* **Dataset content**:
[Start of Attachment]
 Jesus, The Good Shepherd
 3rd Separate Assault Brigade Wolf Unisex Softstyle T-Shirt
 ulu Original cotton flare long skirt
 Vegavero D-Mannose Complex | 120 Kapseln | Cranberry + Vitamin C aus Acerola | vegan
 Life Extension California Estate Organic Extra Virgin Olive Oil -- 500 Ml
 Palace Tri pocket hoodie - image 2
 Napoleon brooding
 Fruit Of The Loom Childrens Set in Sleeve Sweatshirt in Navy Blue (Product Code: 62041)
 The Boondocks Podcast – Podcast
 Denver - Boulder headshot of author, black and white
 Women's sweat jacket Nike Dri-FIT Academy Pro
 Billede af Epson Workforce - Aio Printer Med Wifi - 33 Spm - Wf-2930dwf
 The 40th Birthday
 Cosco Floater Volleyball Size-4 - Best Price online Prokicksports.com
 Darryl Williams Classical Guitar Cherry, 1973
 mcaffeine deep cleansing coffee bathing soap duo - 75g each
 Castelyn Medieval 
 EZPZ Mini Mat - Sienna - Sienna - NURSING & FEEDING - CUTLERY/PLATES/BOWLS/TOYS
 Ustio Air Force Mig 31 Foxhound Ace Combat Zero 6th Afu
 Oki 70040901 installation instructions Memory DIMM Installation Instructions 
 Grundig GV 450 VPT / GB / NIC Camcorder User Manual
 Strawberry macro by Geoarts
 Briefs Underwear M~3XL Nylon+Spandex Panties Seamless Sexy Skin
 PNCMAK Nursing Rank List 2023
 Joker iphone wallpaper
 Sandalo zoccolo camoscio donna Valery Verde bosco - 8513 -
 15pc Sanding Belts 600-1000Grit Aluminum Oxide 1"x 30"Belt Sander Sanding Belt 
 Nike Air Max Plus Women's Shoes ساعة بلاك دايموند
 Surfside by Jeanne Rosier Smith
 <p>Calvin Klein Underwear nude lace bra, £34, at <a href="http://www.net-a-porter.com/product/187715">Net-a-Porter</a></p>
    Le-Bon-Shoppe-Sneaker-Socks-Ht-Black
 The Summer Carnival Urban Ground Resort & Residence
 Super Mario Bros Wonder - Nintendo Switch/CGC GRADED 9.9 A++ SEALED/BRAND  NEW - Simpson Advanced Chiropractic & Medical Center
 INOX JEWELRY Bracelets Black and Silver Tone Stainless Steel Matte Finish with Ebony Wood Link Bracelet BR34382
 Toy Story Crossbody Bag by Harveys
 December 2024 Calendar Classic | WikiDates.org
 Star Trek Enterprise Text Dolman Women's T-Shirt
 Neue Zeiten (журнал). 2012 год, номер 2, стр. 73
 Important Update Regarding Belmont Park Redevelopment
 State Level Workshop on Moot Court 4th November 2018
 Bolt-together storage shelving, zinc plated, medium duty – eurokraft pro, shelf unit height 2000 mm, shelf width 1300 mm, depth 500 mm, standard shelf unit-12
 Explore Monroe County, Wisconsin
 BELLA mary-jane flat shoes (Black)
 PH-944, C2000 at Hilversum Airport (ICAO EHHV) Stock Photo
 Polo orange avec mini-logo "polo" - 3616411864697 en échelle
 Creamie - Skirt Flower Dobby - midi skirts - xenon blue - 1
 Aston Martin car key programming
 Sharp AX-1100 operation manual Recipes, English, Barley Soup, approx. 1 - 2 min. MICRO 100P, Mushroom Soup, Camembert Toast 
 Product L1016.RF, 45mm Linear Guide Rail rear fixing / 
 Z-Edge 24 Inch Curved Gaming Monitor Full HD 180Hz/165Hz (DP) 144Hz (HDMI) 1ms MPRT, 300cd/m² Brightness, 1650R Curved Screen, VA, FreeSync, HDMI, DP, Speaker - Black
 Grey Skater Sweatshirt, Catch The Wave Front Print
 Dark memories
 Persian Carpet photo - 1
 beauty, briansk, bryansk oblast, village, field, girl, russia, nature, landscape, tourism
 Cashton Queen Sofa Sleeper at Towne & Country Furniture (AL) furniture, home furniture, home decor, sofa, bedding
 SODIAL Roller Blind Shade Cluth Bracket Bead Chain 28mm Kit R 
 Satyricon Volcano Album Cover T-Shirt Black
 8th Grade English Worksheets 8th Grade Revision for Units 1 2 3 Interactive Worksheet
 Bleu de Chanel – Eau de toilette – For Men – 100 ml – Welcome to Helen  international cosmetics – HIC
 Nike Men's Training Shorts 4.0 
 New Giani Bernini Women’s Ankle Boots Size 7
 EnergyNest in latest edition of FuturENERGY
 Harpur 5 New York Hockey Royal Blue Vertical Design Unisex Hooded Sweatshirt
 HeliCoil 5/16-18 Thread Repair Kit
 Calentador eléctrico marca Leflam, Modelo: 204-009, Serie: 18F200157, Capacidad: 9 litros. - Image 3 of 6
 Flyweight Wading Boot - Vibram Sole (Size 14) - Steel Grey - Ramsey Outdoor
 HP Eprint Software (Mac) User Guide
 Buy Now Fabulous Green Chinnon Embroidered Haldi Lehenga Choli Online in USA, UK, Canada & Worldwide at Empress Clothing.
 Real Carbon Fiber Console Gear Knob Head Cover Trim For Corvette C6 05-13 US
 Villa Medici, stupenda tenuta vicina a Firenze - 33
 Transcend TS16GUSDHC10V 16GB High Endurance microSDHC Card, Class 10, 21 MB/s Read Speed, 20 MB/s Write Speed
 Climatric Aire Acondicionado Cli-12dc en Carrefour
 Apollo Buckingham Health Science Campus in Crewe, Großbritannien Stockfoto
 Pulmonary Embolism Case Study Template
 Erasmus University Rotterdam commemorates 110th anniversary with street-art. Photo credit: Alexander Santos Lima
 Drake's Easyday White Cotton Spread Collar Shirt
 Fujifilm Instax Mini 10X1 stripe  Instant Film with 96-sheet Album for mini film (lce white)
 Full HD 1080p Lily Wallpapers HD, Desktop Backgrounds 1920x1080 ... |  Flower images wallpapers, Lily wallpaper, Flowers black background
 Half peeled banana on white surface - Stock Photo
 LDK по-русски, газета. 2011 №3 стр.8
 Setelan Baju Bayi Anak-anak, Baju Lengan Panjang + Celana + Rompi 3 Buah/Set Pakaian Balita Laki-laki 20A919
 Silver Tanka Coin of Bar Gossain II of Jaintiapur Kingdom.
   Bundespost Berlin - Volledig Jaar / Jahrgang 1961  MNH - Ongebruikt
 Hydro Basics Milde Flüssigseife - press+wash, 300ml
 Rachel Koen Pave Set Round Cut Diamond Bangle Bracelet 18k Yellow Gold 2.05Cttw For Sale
[End of Attachment]
* **Exercise goal**: Determine how many lines of the records above hold the word "Nike" and give the number with nothing added.

* **Result of the exercise**: 3